In 1970 AMT purchased 20 acres on the other side of Prettyman Road from Albert and Mildred Merboth. Most of the land in both parcels is in the town of Orford. However, there are small pieces that are in the town of Piermont. As a result real estate taxes are paid to both towns. The town line is marked with orange blazes. You can see it easily along the road going up the hill on the other side of the twin bridges.
In 1988 AMT sold 2.18 acres on Prettyman Road to Quentin and Joyce Mack who built a house on it. Tom and Gail Steketee live there now.
Around 1910-15 Henry McGinnis was living in the farm just to the north (Sally Tomlinson’s place now). He was a New Hope school painter and painted many landscapes of the farm and the surrounding area. At some point he purchased a small piece of land and built the house just down the road. This house was later owned by Milton Freedman, the well-known economist, Ginny and Gil Kilpack and then Phil McGovern and his wife. McGinnis eventually moved to Fairlee and married his model, Jane, and continued painting. There is a photo of one of his paintings of the farm in a frame that my brother, Alan, made. My cousin Edward’s wife, Liz Thorndike, went to one of the camps on Lake Morey in Fairlee. She remembers Jane and Mac coming to the camp. At some point she acquired a couple of small paintings and some “fantasies” that she gave me.
AMT married Mary Louise Van Dyke (MLT) in 1942. They came to the farm for their honeymoon. They took the train to Fairlee where Warren Chase picked them up and drove them over to the farm. At that time there was a store at the end of what is now Upper Baker Pond Road where they could get milk, eggs and a few other things. The house was quite primitive. There was no refrigerator or any running water. Things that needed to be kept cold were put in a bucket and lowered down into the well. A hand pump at the kitchen sink was the only source of water. The only heat was from a wood stove in the kitchen and a Franklin stove in the living room.
My earliest memories date from about 1951 when there was a bathroom with running cold water in the addition that cousin Edward had built. The water for the bathroom came from a well located north of the house near the path up to the Tomlinson’s. There was no fridge and the only water in the kitchen was from the pump at the sink. My brother, Karl, recalls great satisfaction at getting the pump primed and pulling water. It could be a struggle because the leather seal would be so dried out. After getting it started, the first thing you did was to fill two white enamel pitchers so you wouldn’t have to go back out to the well to get water to start it the next time. My sister, Jean, remembers having mostly Spam for dinner while we were there.
As a child my family went up to the farm most summers for a week or so. Mostly we went hiking either up Mts. Cube or Moosilauke. One summer we took the Cog Railroad up to the top of Mt. Washington and hiked over to Lake of the Clouds and spent the night. It was raining and freezing cold. I think I was about 8 and my younger brother, Karl, was about 6. We also swam in the ponds, both Upper and Lower Baker. Eventually we got a canoe but that wasn’t until the 1970s. When we were there my father spent much of the time mowing around the house and in the field out front and sawing and splitting firewood. We kids loved climbing around on the rocks, especially the big rock in the field towards Cube that we called Plymouth Rock.

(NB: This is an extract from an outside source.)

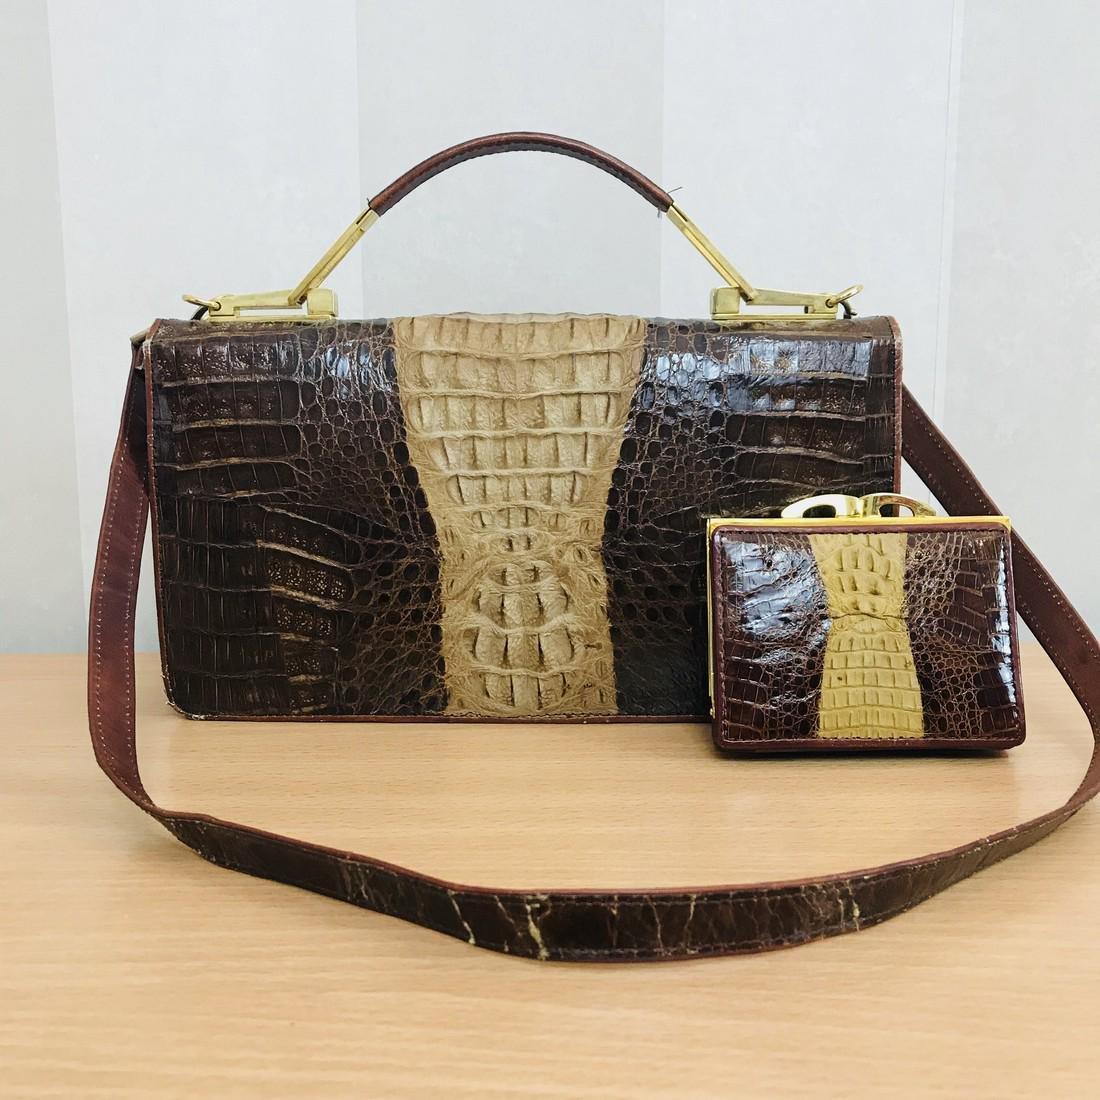 Vintage Genuine Crocodile Leather Handbag with Small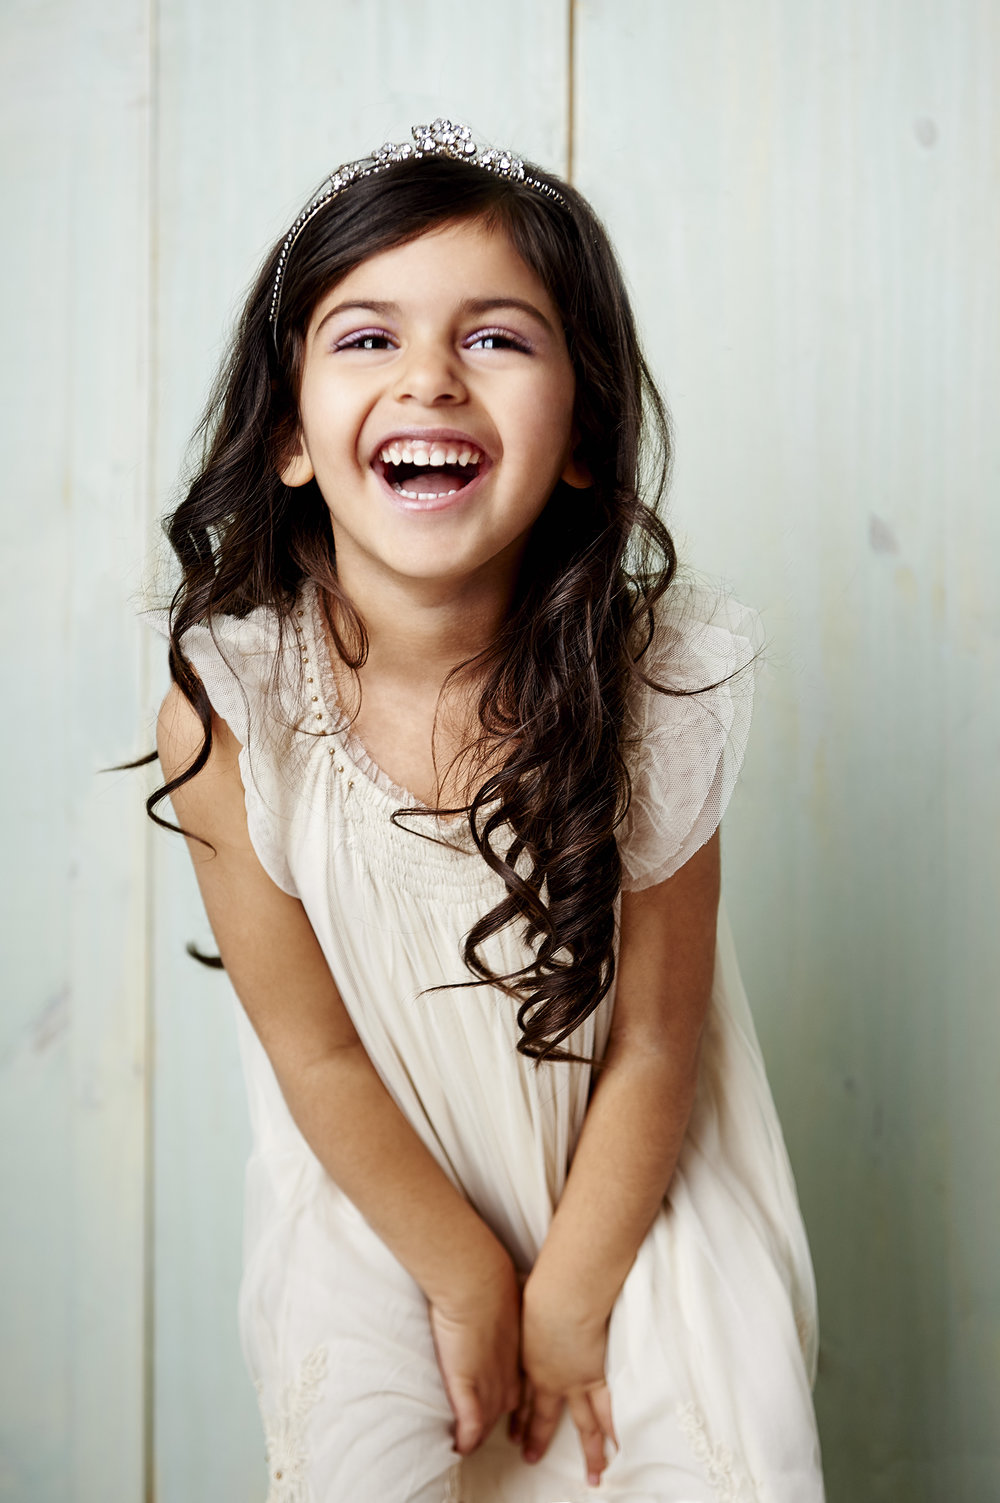 Marta-Hewson-Classical-portrait-young-girl-tiara-laughing.jpg

One of my earliest memories is of being in my bed at night and hearing the mice running through the walls. I think I was about 4. I was terrified to put my feet on the floor until it was light enough to see. I was sure the mice would bite my feet if I put them down. The place always smelled of mouse nests and there were mouse droppings everywhere when we arrived each year.
Chase Family
For many years different members of the Chase family have looked after the farm for us. Generations of Chases have lived on Route 25A in a grey cape on the north side of the road just a little bit before you get to East Cemetery Road. Initially it was Warren Chase who looked after the farm for Mamo. When I was growing up Warren’s son, Stanley Chase, and his wife Eleanor kept an eye on things. Stanley mowed the field with an old tractor that was always breaking down and cut down some of the trees that were blocking the view. Eleanor did the laundry for us. Even as an adult I can remember stopping by to drop off the laundry on our way back home. Stanley and Eleanor had 2 children, Tim and Shirley. Tim did some logging for AMT on the south side of Prettyman Road and on the other side of the twin bridges. That old logging road has always been called Tim’s road. Tim eventually married Mary Chase and built a house behind Stanley’s house. They have 3 daughters who all live locally. Shirley married Alton DeBlois. When Stanley died Alton and Shirley moved into the original Chase house. Alton continued to keep and eye on things for us and mowed around the house until about 2020.
Logging
When Mamo acquired the property it was all open fields. Over the next 50 years forests grew up on all but a small field in front of the house. My father said they used to grow wheat in that field because it was the best soil on the property. In the late 70’s my parents decided it would be nice to open up the view towards Cube while leaving a wedge of mostly pine trees out front. They spent the next several years cutting down trees and hauling the branches into the woods. My husband, Karl, and I and our kids, Chris and Eric, helped when we could. Eventually they took down all the trees in the wedge except for one large maple that is still standing today. They had one of the pine trees sawn up into boards that AMT made into 2 tables. Those tables are still at the farm.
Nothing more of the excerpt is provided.